> WORK TO BE COMPLETED
Among the entries that follow, the required portion opens with the line containing "REDBUZZ 9 Hooks" and closes with the line containing "Main Image - Oscar". Give that portion again exactly, and nothing else.

> DATA

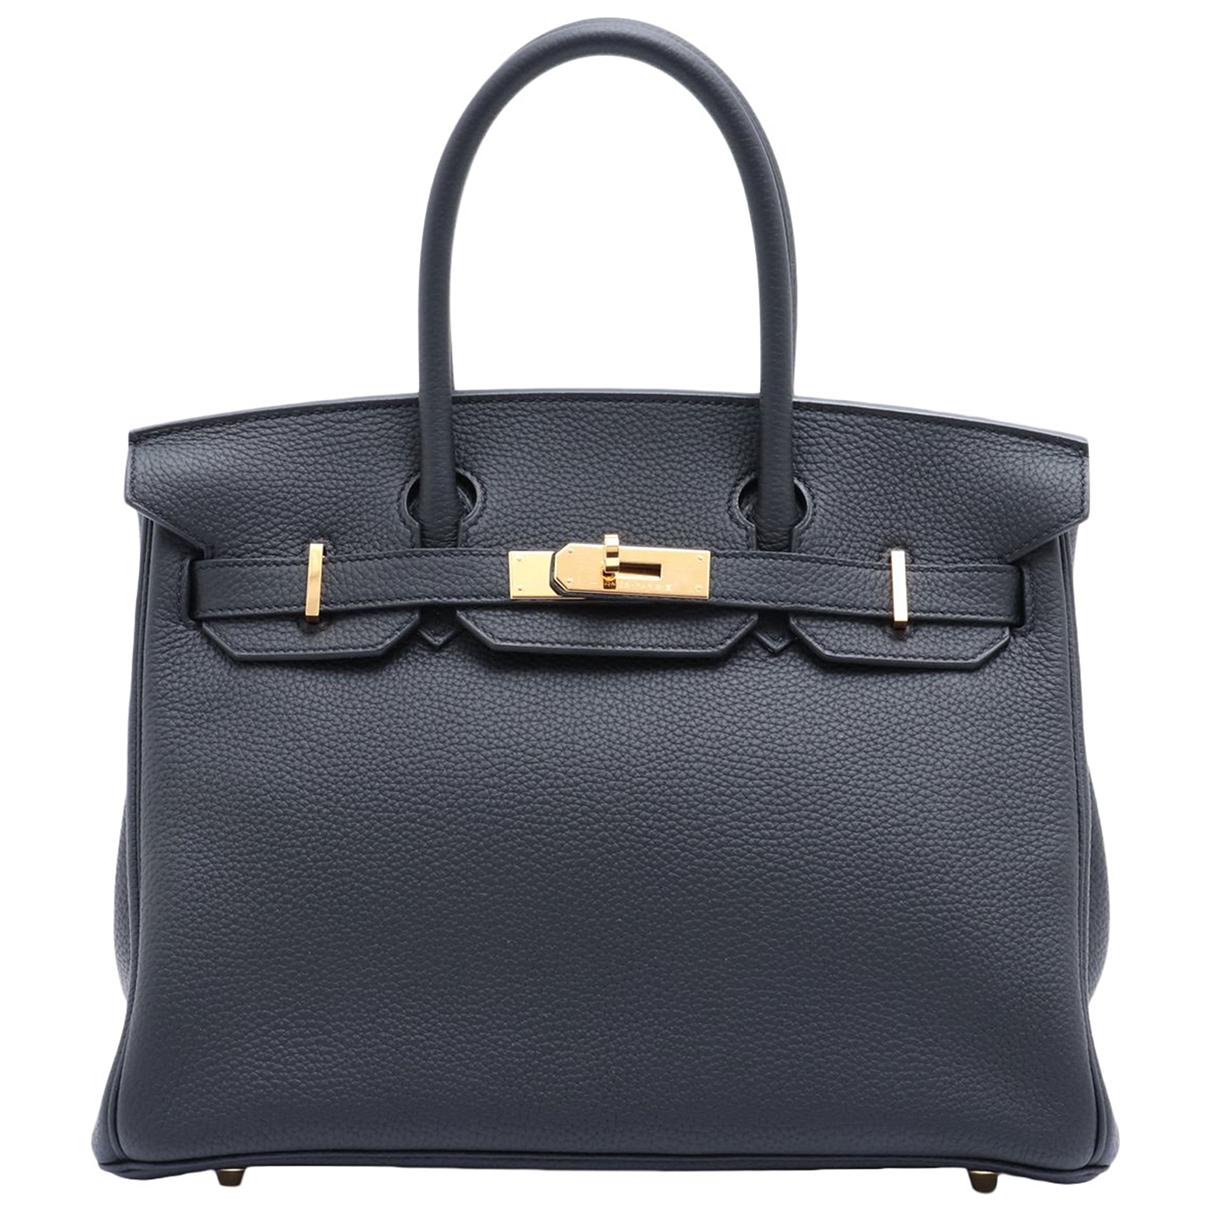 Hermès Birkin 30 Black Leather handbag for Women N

---

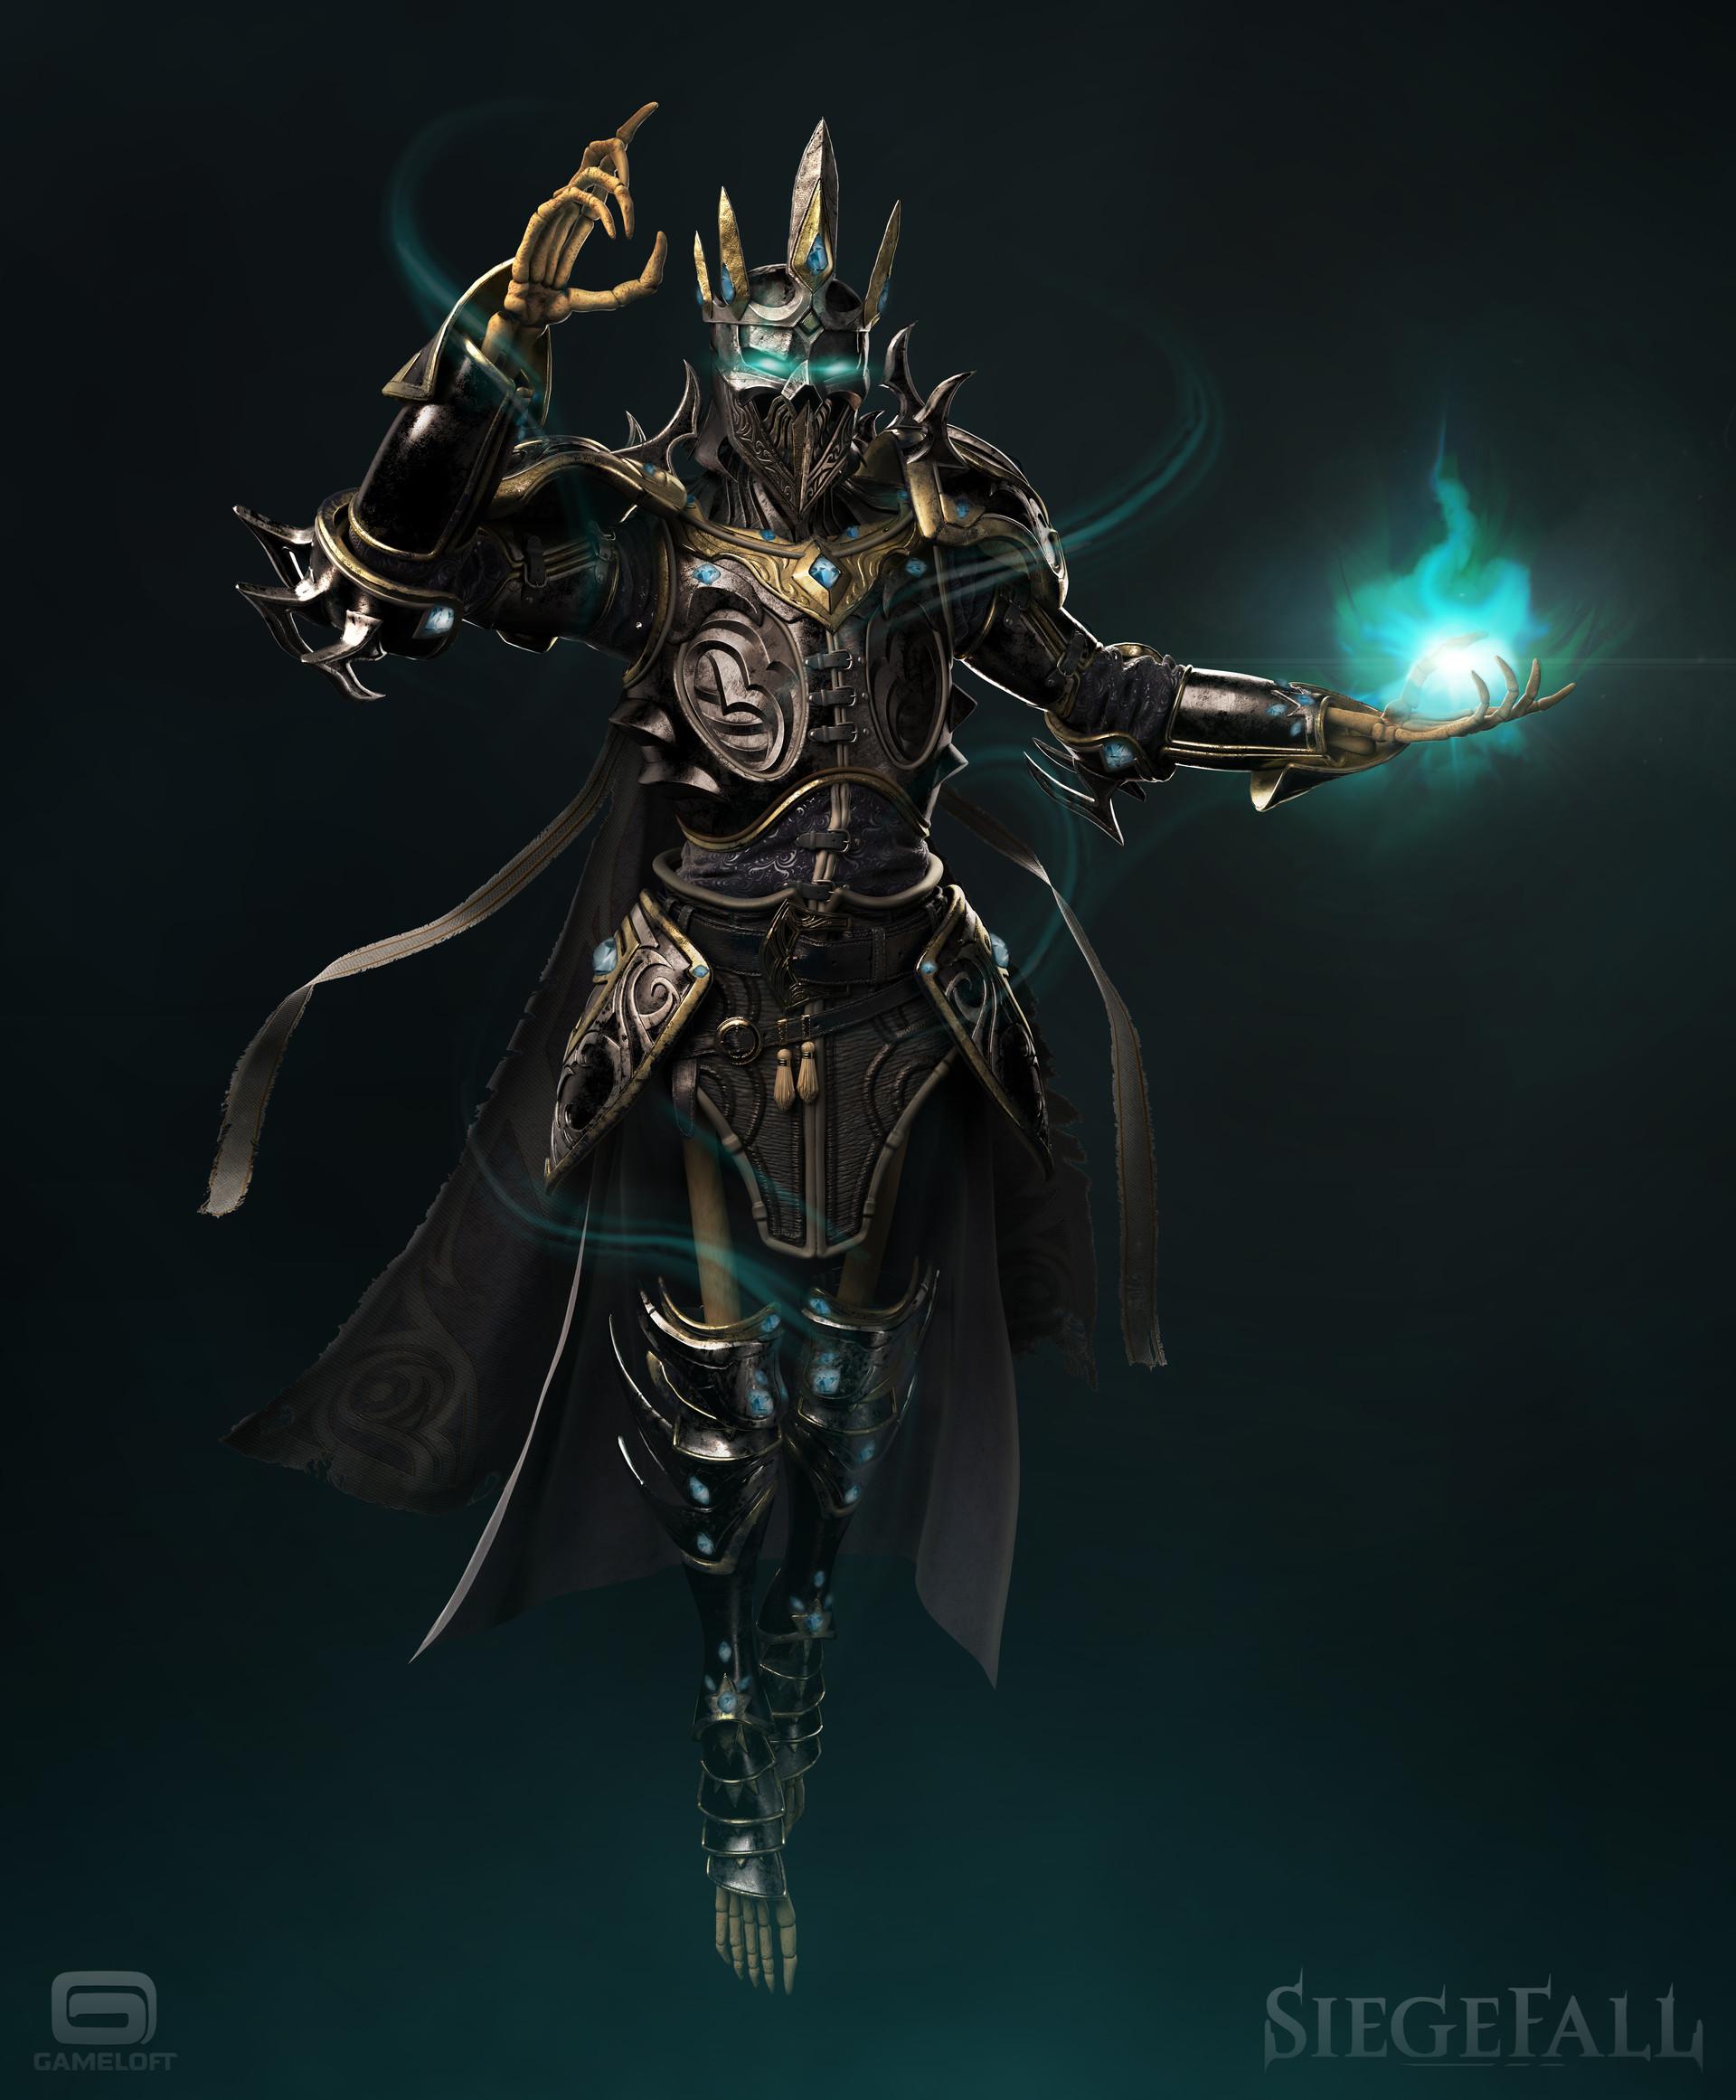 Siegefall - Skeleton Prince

---

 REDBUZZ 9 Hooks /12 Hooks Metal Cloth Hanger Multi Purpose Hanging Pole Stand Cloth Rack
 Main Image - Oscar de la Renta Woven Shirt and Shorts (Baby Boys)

> TASK RESPONSE
 REDBUZZ 9 Hooks /12 Hooks Metal Cloth Hanger Multi Purpose Hanging Pole Stand Cloth Rack
 Main Image - Oscar de la Renta Woven Shirt and Shorts (Baby Boys)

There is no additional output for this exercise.